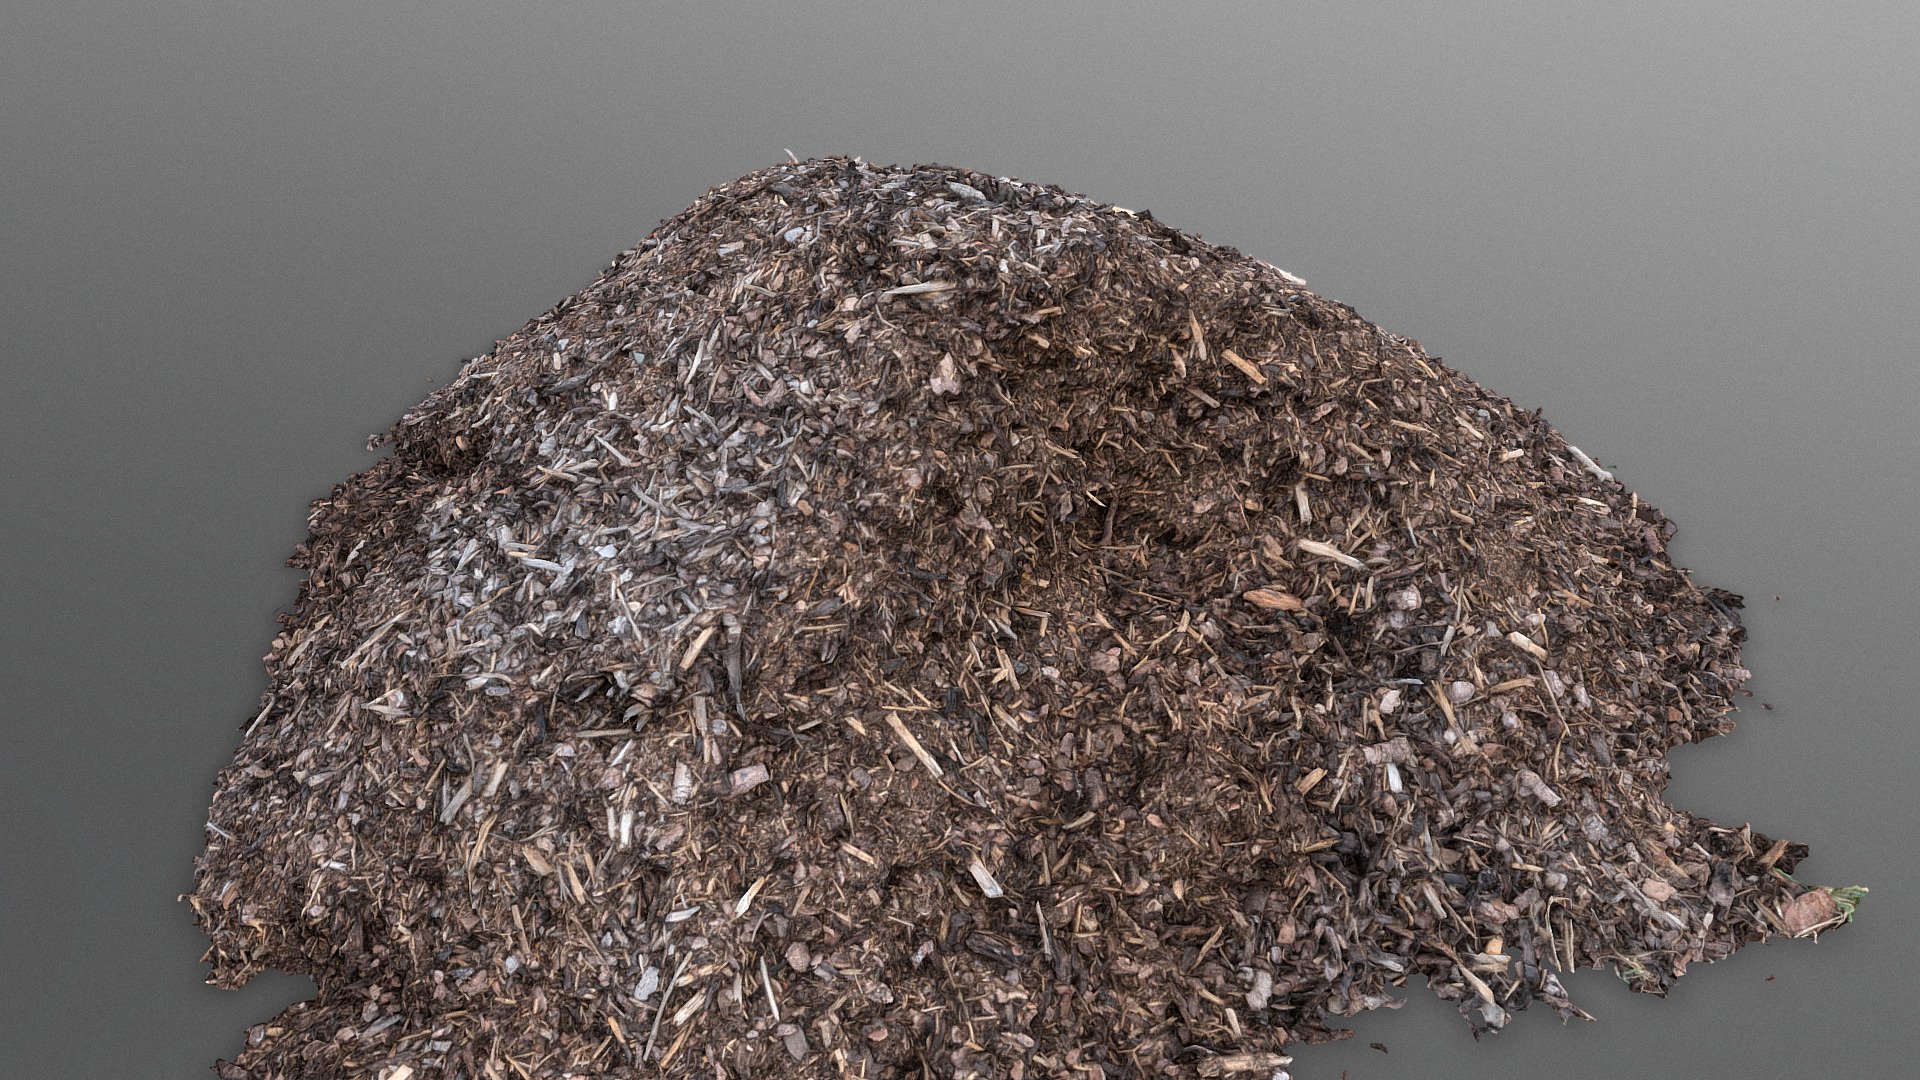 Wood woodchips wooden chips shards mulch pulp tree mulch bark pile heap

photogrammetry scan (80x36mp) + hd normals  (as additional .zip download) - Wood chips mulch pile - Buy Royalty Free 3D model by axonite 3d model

■ ■ ■ ■ ■ ■ ■

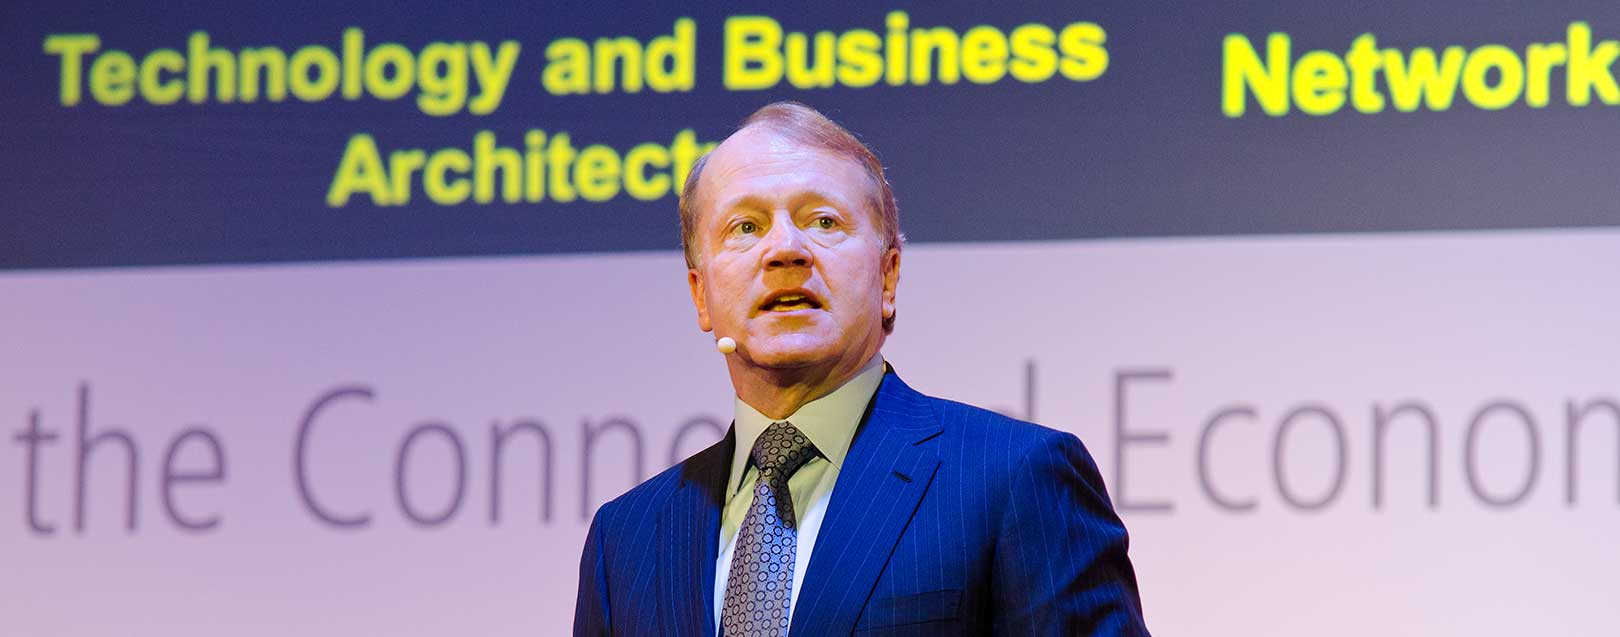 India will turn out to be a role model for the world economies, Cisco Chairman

■ ■ ■ ■ ■ ■ ■

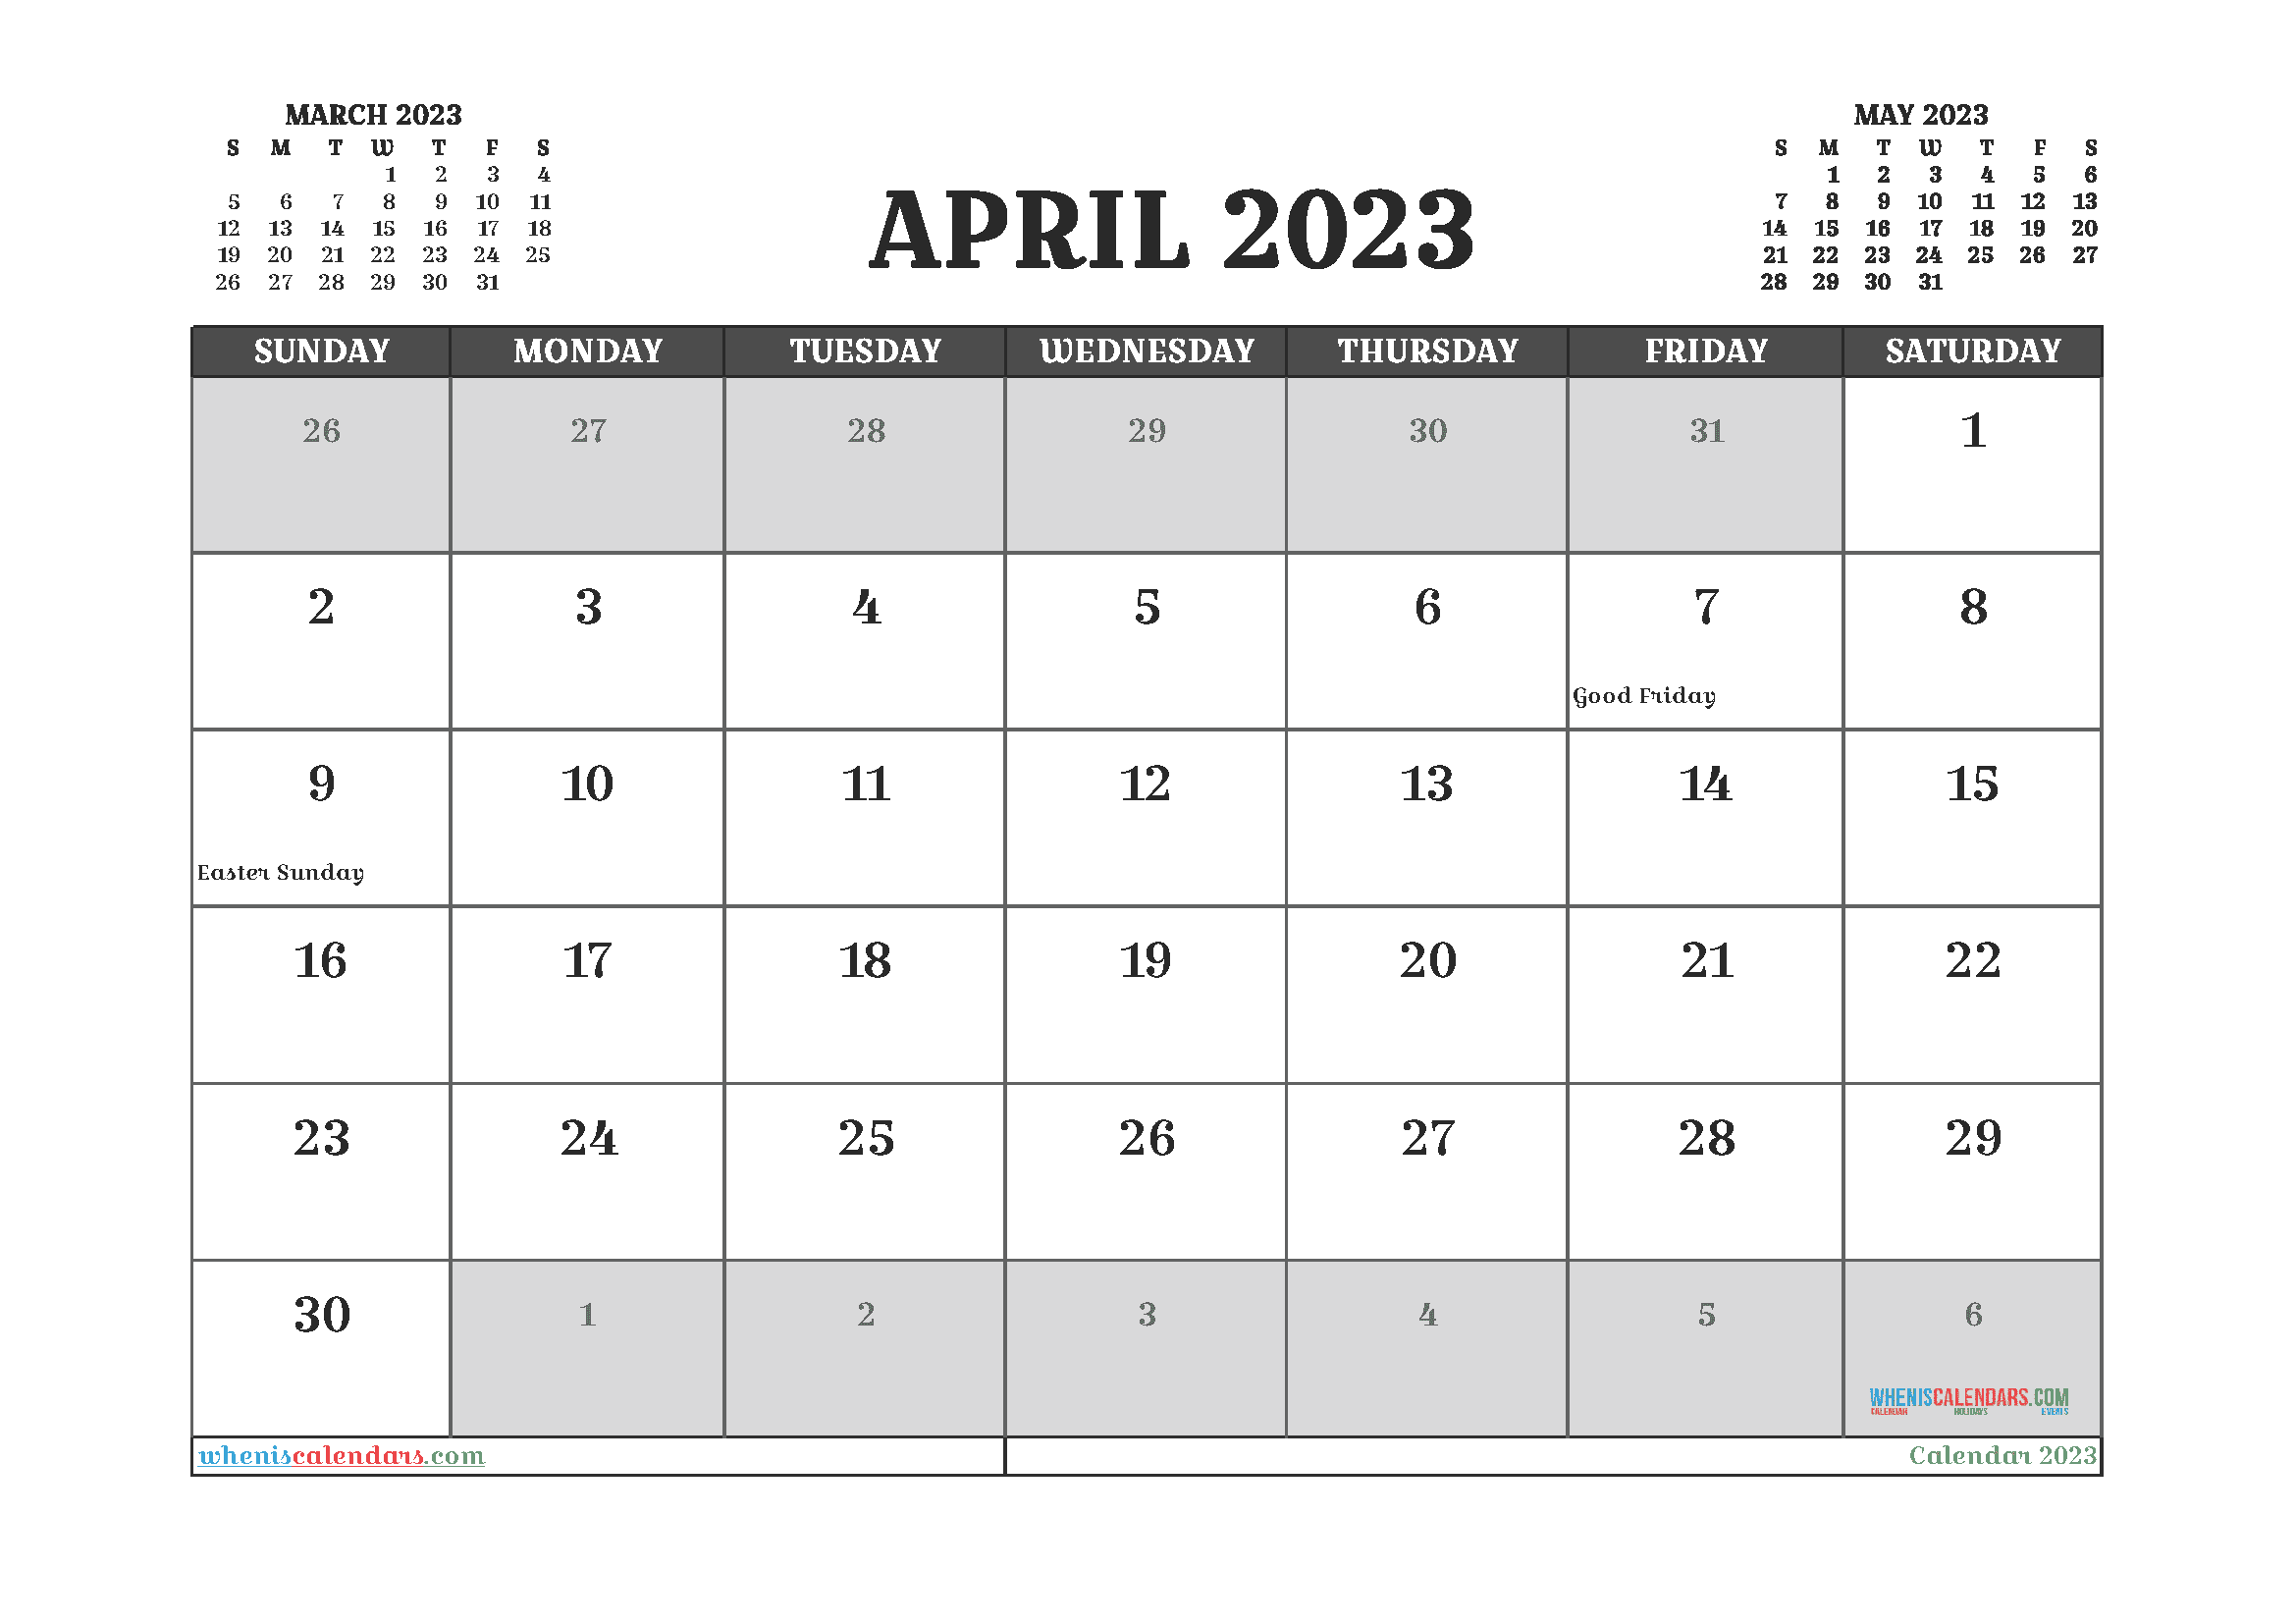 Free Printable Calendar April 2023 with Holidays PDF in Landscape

■ ■ ■ ■ ■ ■ ■

**Your goal**:
Above are the records; restate exactly the lines from the one containing "Wood woodchips wooden" through the one containing "photogrammetry scan (80x36mp)", keeping pictures out.

**Your solution**:
 Wood woodchips wooden chips shards mulch pulp tree mulch bark pile heap

photogrammetry scan (80x36mp) + hd normals  (as additional .zip download) - Wood chips mulch pile - Buy Royalty Free 3D model by axonite 3d model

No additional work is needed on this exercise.